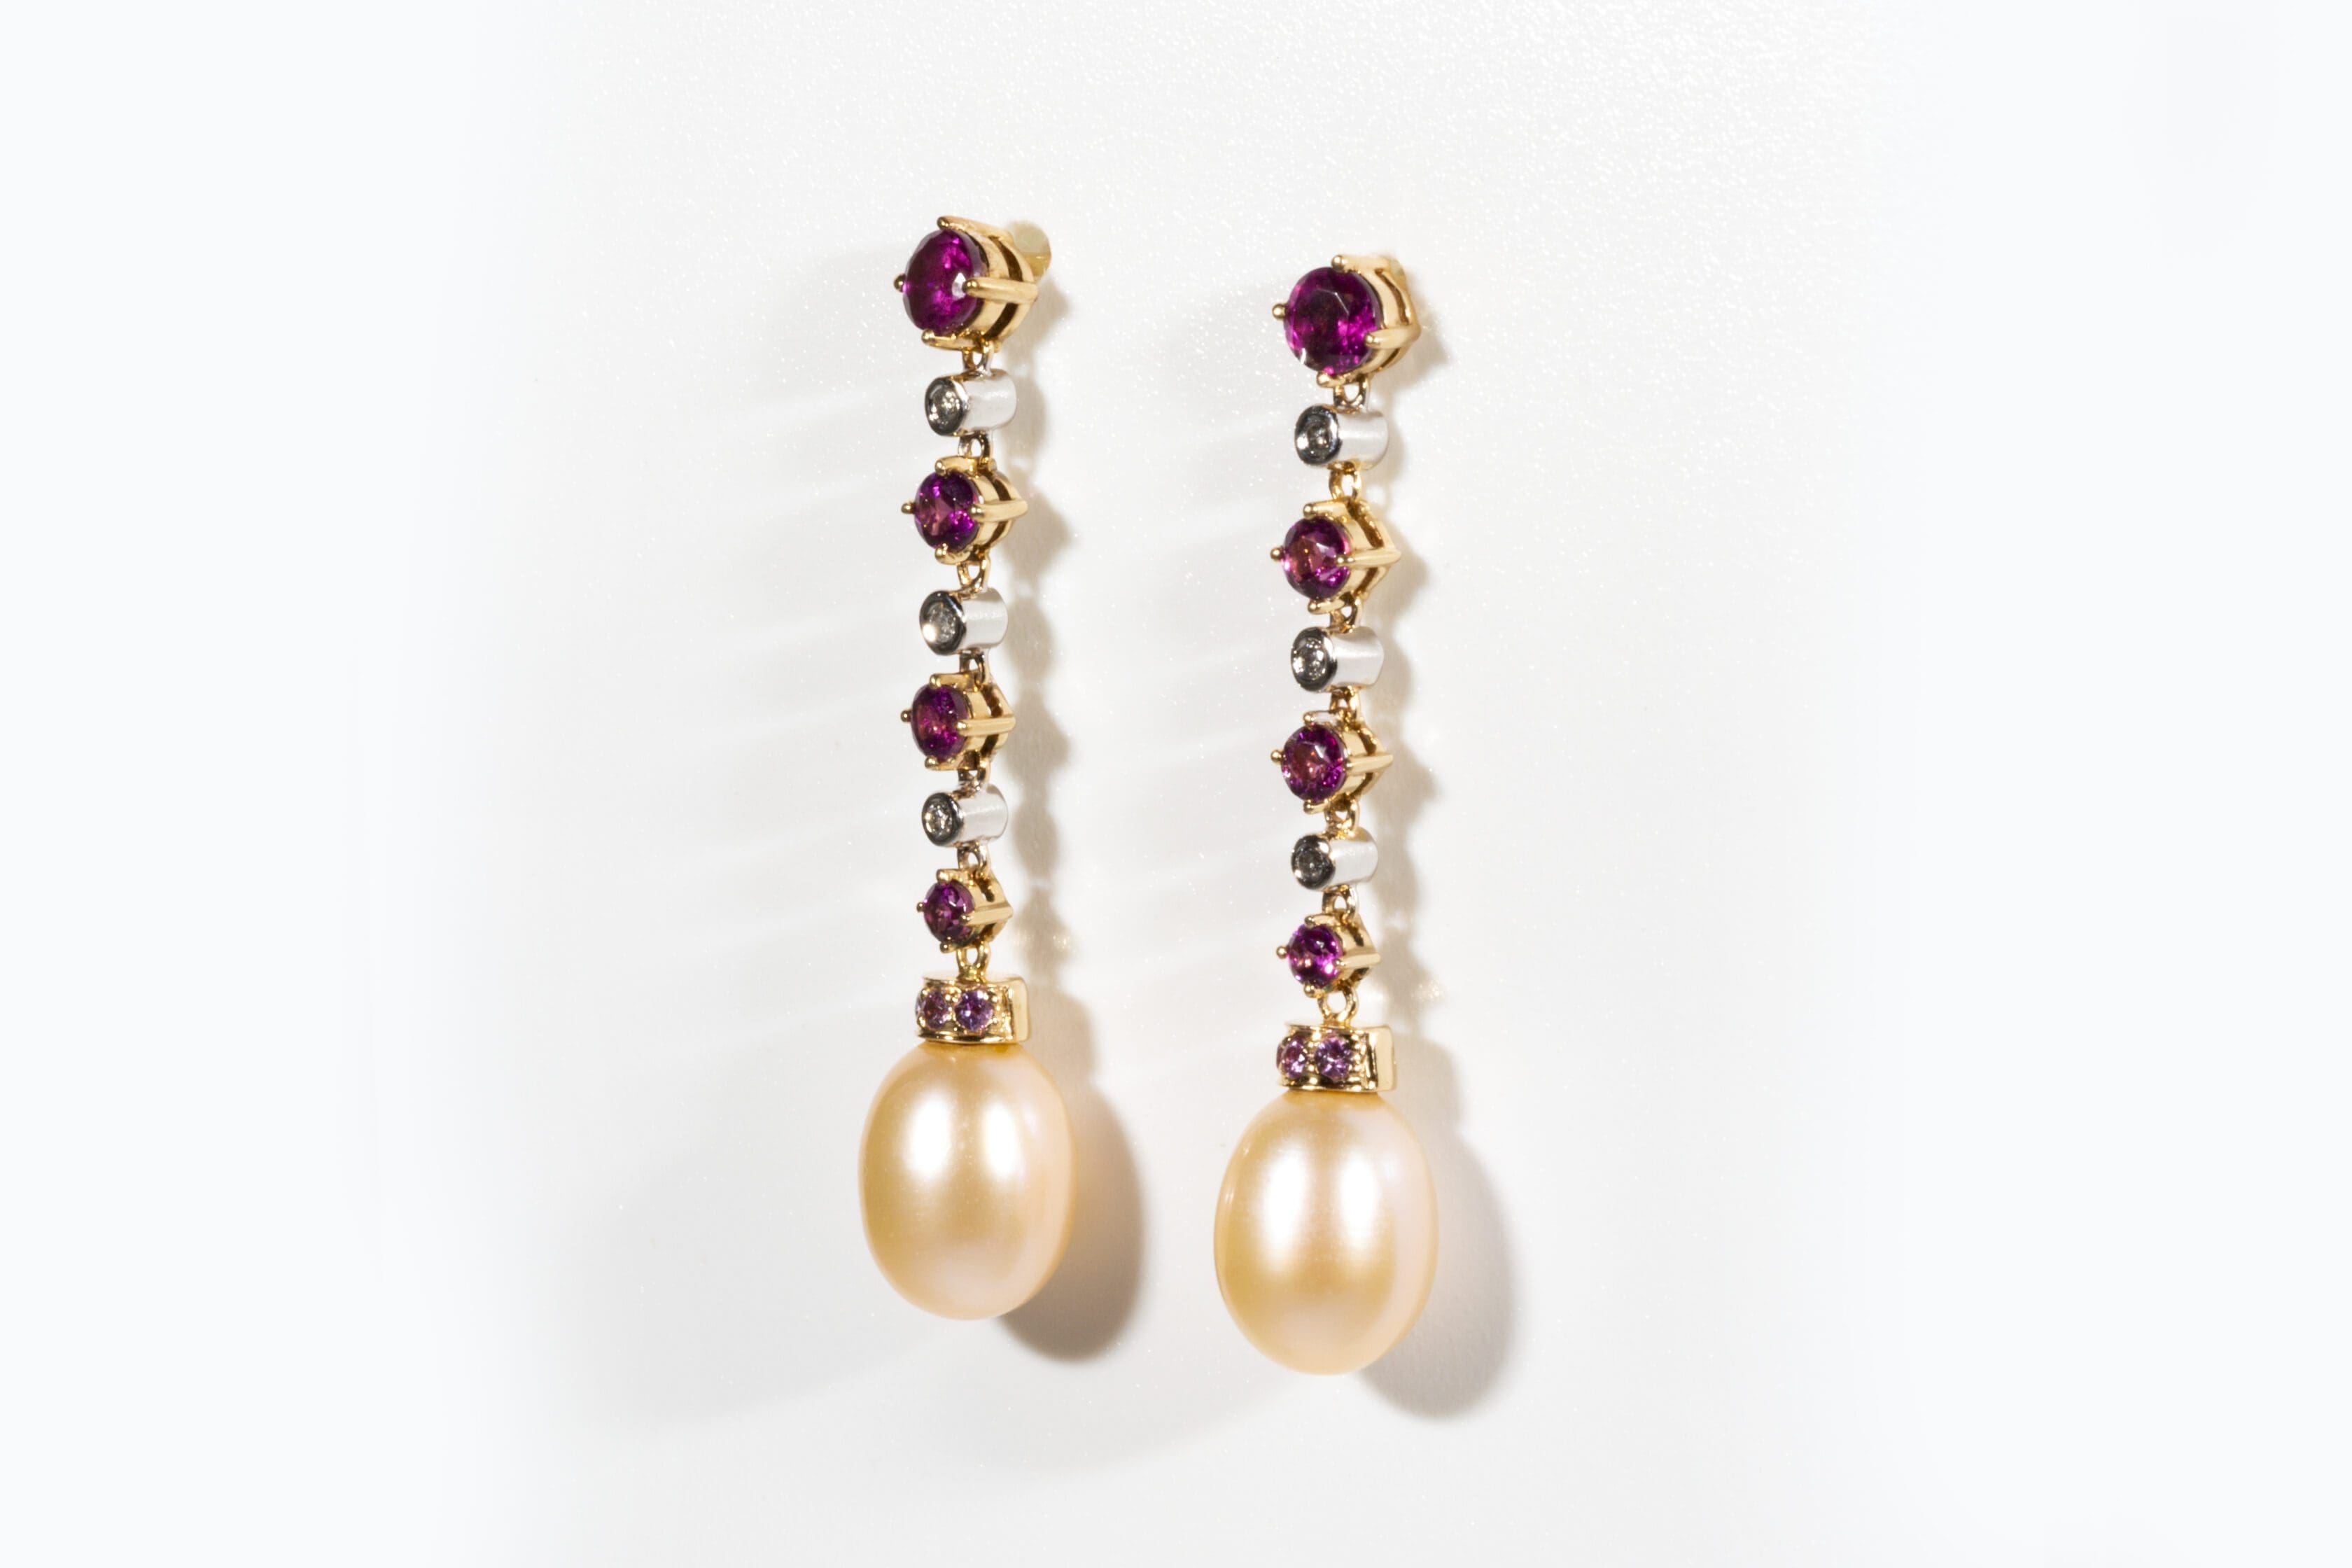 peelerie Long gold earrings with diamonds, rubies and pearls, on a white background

☆ ☆ ☆

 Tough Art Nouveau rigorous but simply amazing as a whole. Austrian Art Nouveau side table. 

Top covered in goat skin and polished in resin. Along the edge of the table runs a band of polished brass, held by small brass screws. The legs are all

☆ ☆ ☆

Please tally the lines above that contain "table" and report nothing but the total.

2